Sparkletastic · 22/11/2021 08:13

It doesn't really sound like living with her is the right solution. Are you sure you shouldn't reconsider?

Furzebush · 22/11/2021 08:14

Which request are you considering ‘cheeky’ — hers in asking for money, or yours in negotiating downward?

You say ‘lots’ of friends and family have offered to have you to live with them for months — which I think is pretty generous — so why not accept someone else’s offer?

Itsalmostanaccessory · 22/11/2021 08:14

Live with one of the other people who have offered. This one is totally seeing you as a cash cow.

GreenClock · 22/11/2021 08:15

I’d ask but not refer to the veganism. That could offend.

I’d say that I wanted to keep costs low because money will be tight ahead of the house purchase, and ask if that sum would be ok on the basis I’d sort my own food and use mum’s washing machine.

steppemum · 22/11/2021 08:15

well, commercially £250 is probably really cheap.

As others have said, it is unlikely to end well.

I would talk to her, say that your food preferences are different to hers, and so would like to sort out your own meals, and see what she says. It may be that she doesn't want you cooking in her kitchen.

Bimblybomeyelash · 22/11/2021 08:15

No matter how small the room, £260 is already a pretty good price. She may not be happy charging any less for you for doing your own food, as that is actually more inconvenient for them as you’ll be taking up space and time in the kitchen.

PurpleDaisies · 22/11/2021 08:16

@Itsalmostanaccessory

Live with one of the other people who have offered. This one is totally seeing you as a cash cow.
How have you come to that conclusion?
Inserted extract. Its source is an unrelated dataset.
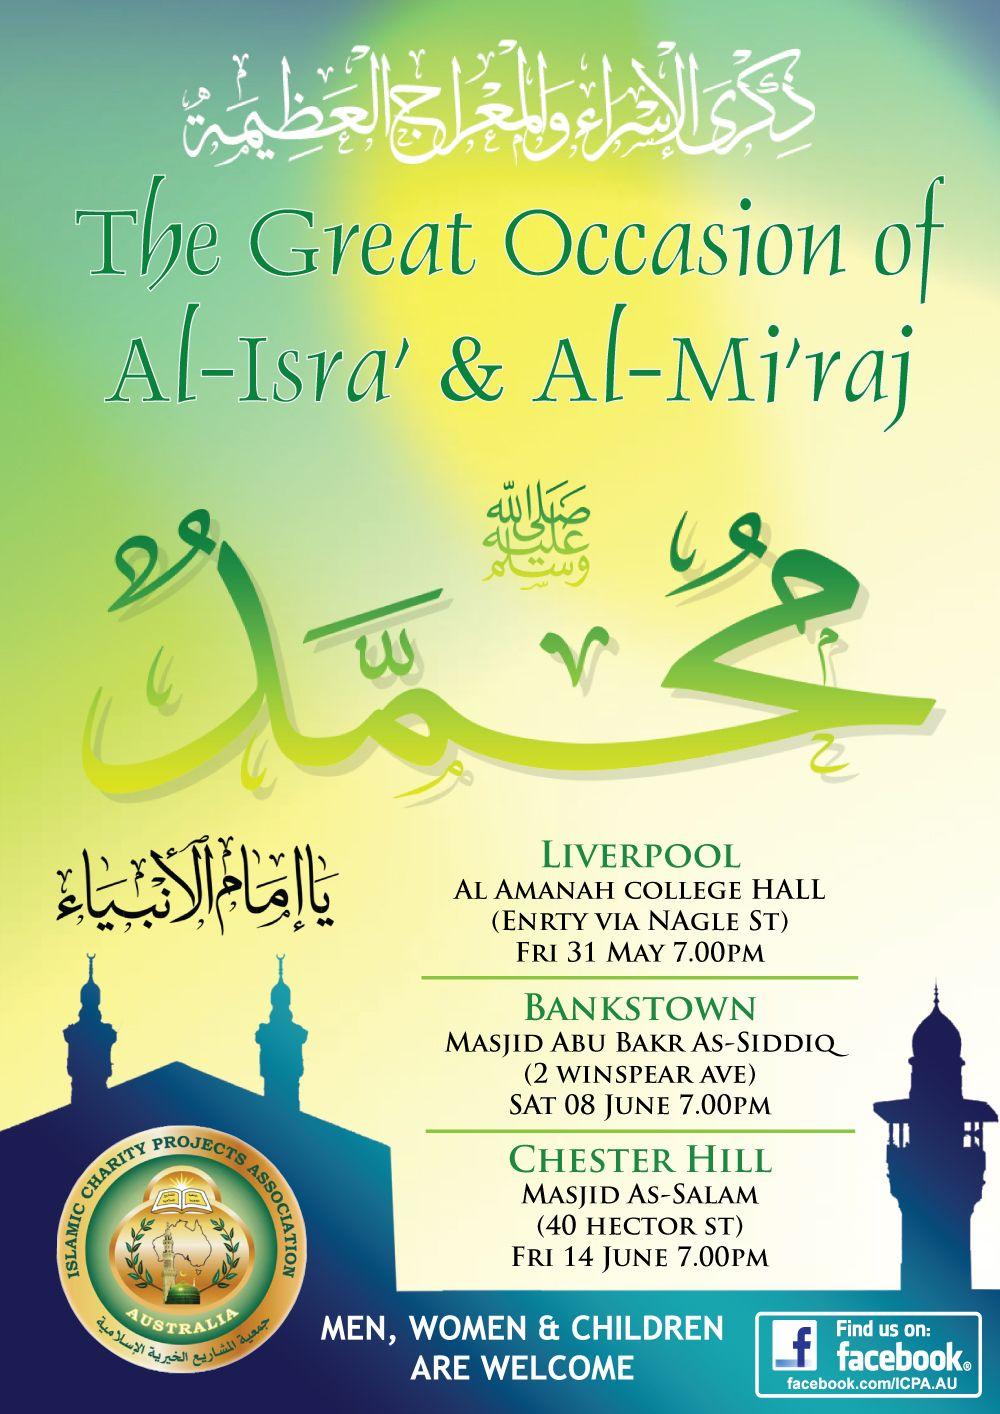 Wedding decorations muslim october 2018 Al Israu u Al Miraj Celebrations in Sydney  Events  Pinterest
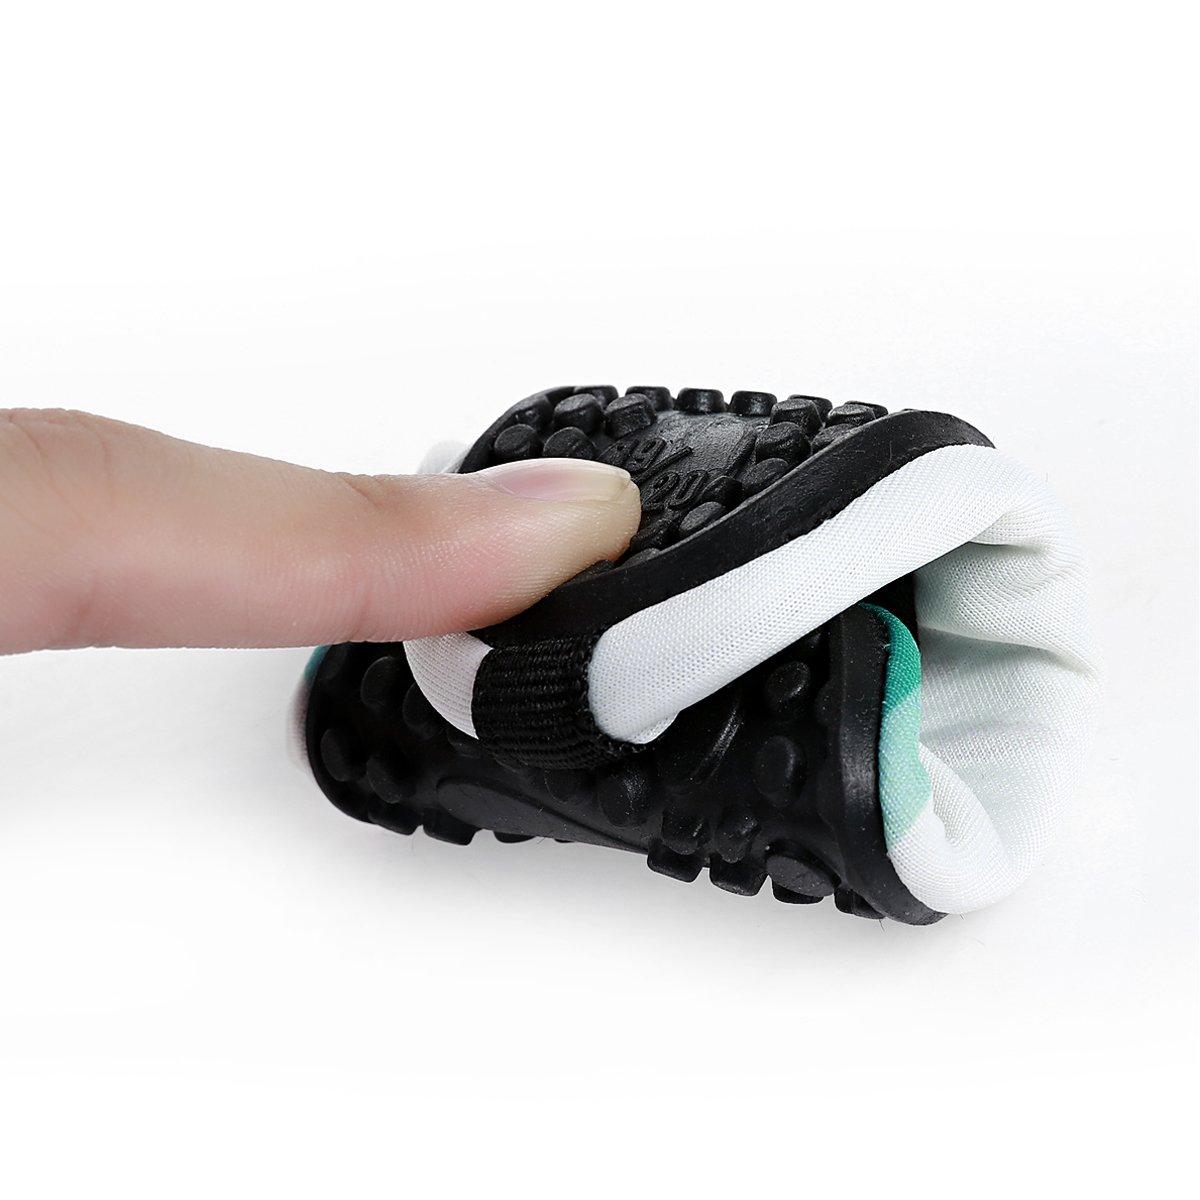 Amazon.com   L-RUN Unisex Swimming Shoes Barefoot Beach Shoes White US 18-24 Months=EU 21-22   Walking

That’s a really cheap rent, and who can buy food for £50 a month?
DreamerSeven · 22/11/2021 08:17

What would you pay in a house share locally as £250, even if you cooked your own food, sounds cheap to me?

MrsLargeEmbodied · 22/11/2021 08:17

what is the alternative?

PurpleDaisies · 22/11/2021 08:18

Is it really worth losing such a cheap place with someone you know and like for a £12.50 a week discount?
Say yes to the offer or say no. I wouldn’t try and get the rent down.

StrongCoffeAvalanche · 22/11/2021 08:20

I wouldn't live there - the food thing is weird for a paying tenant.

LawnFever · 22/11/2021 08:21

@Itsalmostanaccessory

Live with one of the other people who have offered. This one is totally seeing you as a cash cow.
£250 a month is really cheap, you wouldn’t get a room in a house share for that much round here.
5128gap · 22/11/2021 08:21

@GreenClock

I’d ask but not refer to the veganism. That could offend.

I’d say that I wanted to keep costs low because money will be tight ahead of the house purchase, and ask if that sum would be ok on the basis I’d sort my own food and use mum’s washing machine.

That doesn't sound feasible given the OP would only be paying £50 extra a month for food from her friend. If it was a cost issue she'd snatch her hand off to be fed for a month for that. Imo its best to just say you prefer not to be tied into family meals.